Answer: The en bloc open market price of all ownership interests in a business viewed collectively is the amount an arm’s length purchaser may be willing to pay for all the company’s outstanding shares (or its net assets), including consideration of post-acquisition economies of scale and other synergies the purchaser believes may accrue to it post-acquisition.

Question #4: Is there a difference in value per share between a controlling shareholding in a private company and a minority shareholding in a private company?

Answer: Theoretically, depending on wording of enforceable relevant written agreements, the answer may be yes. As a practical matter, even where there are no written agreements, depending on circumstances at the date of valuation the answer can be either yes or no.

Question #5: What is meant by the term notionally determined business value?

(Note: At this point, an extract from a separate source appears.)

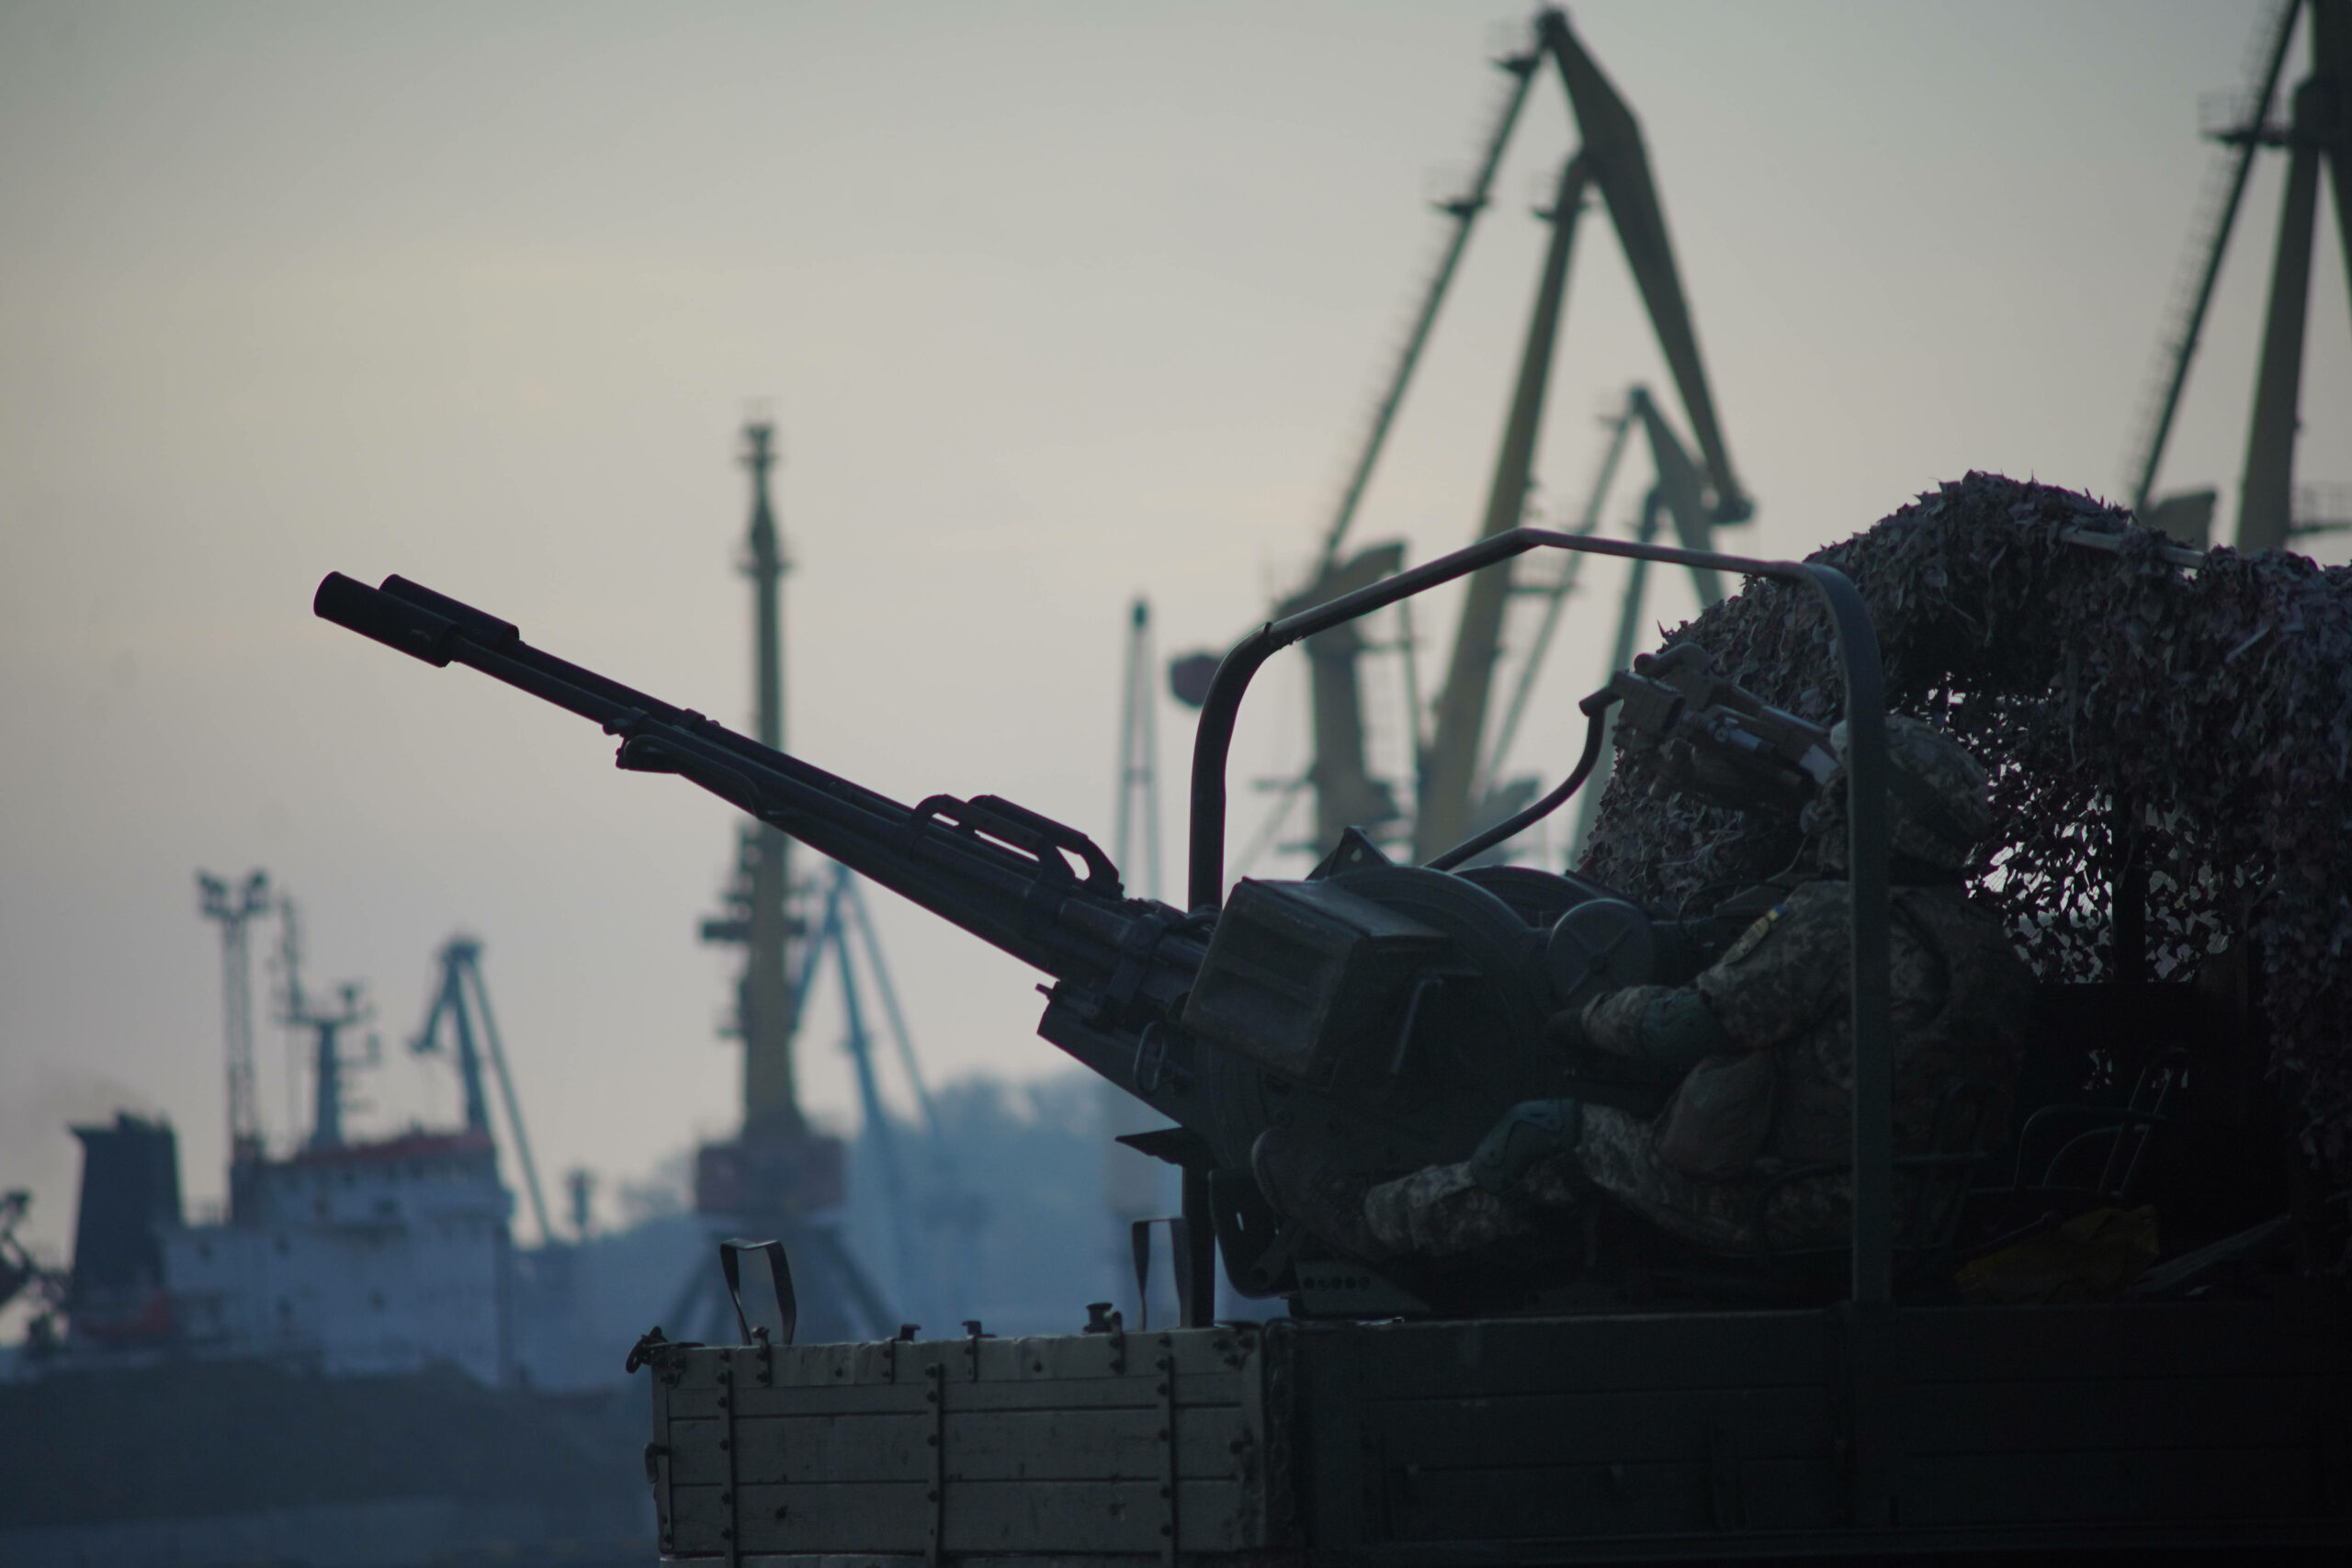 ПВО украинской армии в порту Одессы. Украина, 27 марта 2022 г. © Sipa / Scanpix / Leta
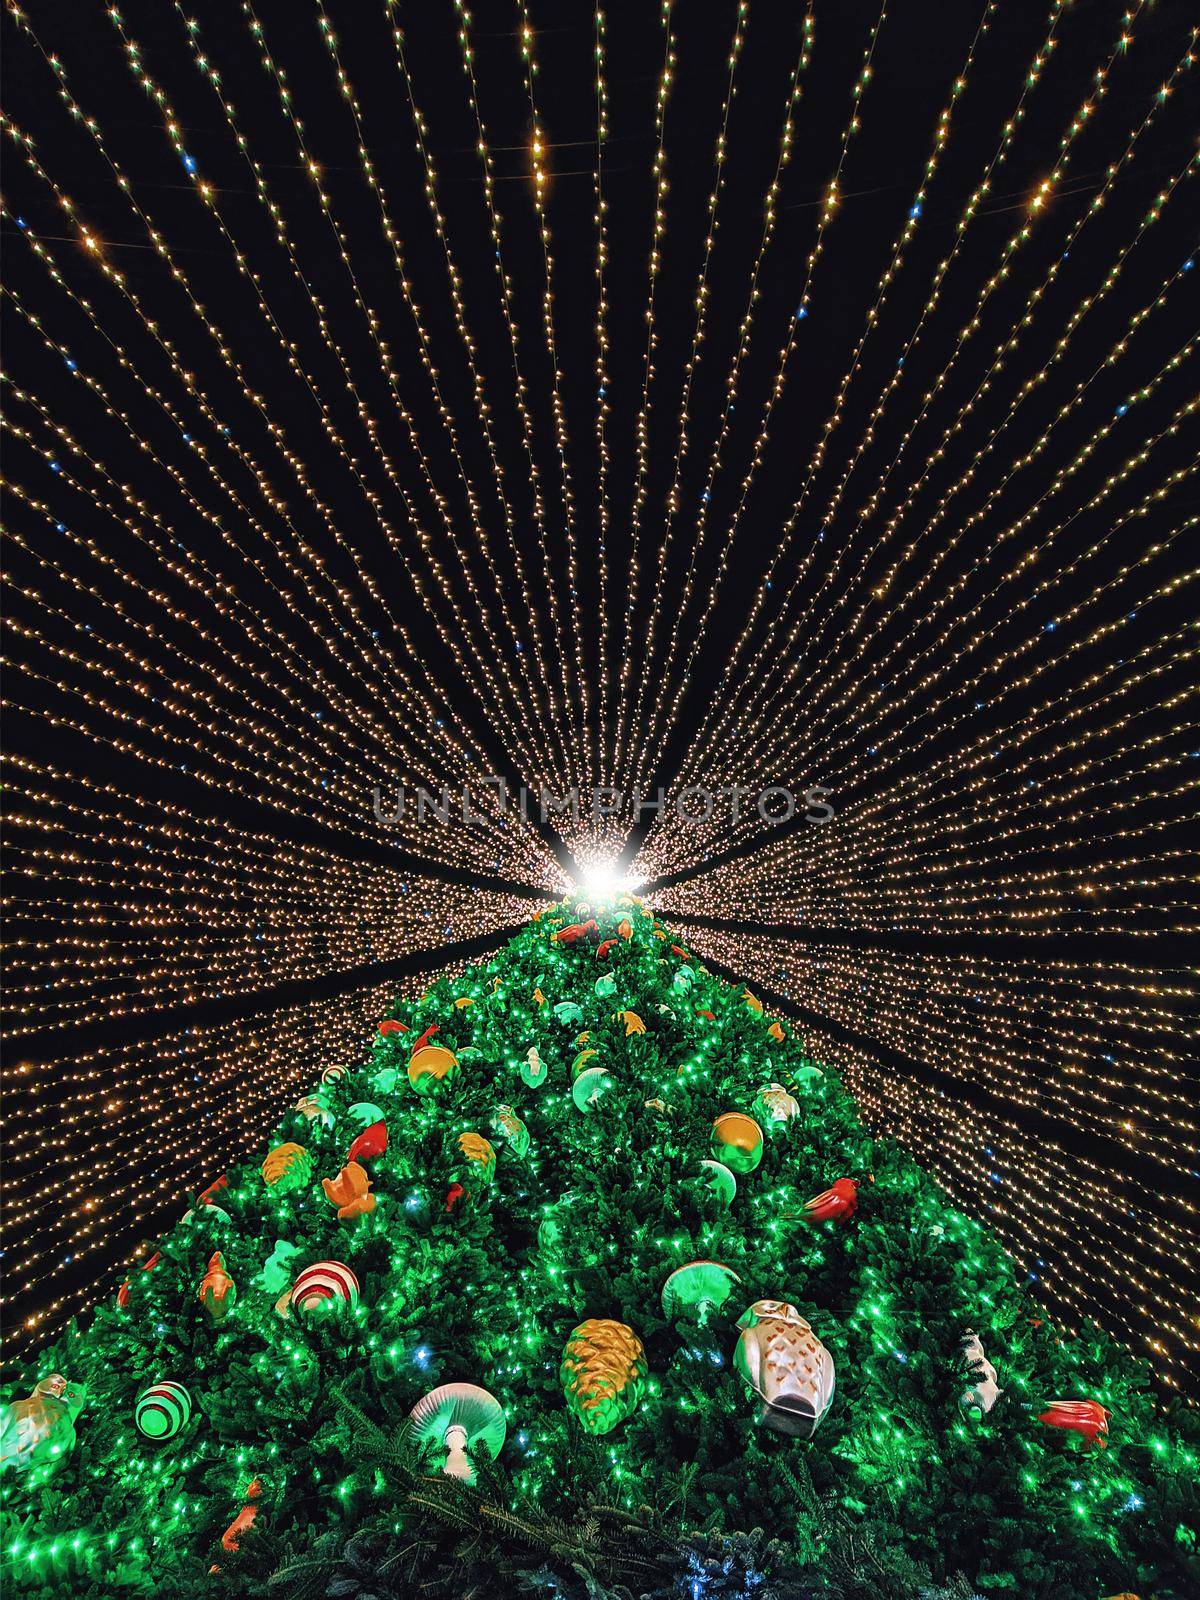 The main Christmas tree of Ukraine. by Nickstock

Answer: The term notionally determined business value refers to a hypothetical value for a business or a business ownership interest not being offered for sale in the open market. This contrasted with a price determined through arm’s length negotiation?

Question #6: Is it fair to say that a notionally determined business value opinion is at best an educated guess?

Answer: The short answer is yes. Only when all of the outstanding shares of a private company – or one or more of its directly and indirectly owned subsidiaries – are (1) offered for sale to arm’s length buyers, (2) appropriately marketed, (3) following negotiations a sale price is agreed can business value’ be determined with certainty. Even then, one cannot be sure the agreed price was the ‘highest possible price’. That is because (1) comparative vendor/purchaser negotiating experience and skills may differ, and (2) typically the purchaser is better able to identify and quantify post-acquisition synergies than the vendor.

Question #7: Is it fair to say the notional business value determinations are subject to greater subjectivity today than they were before the year 2000?

Answer: My short answer is yes. This is this based on my experience in rendering notional business valuation opinions beginning in 1969. I hold little doubt that world and country-specific economic conditions, central banking policies, government debt, regulation and intervention, and ongoing technological advances – among other things – in early 2019 make the determination of notional developed en bloc business value much more subjective than was the case before the year 2000.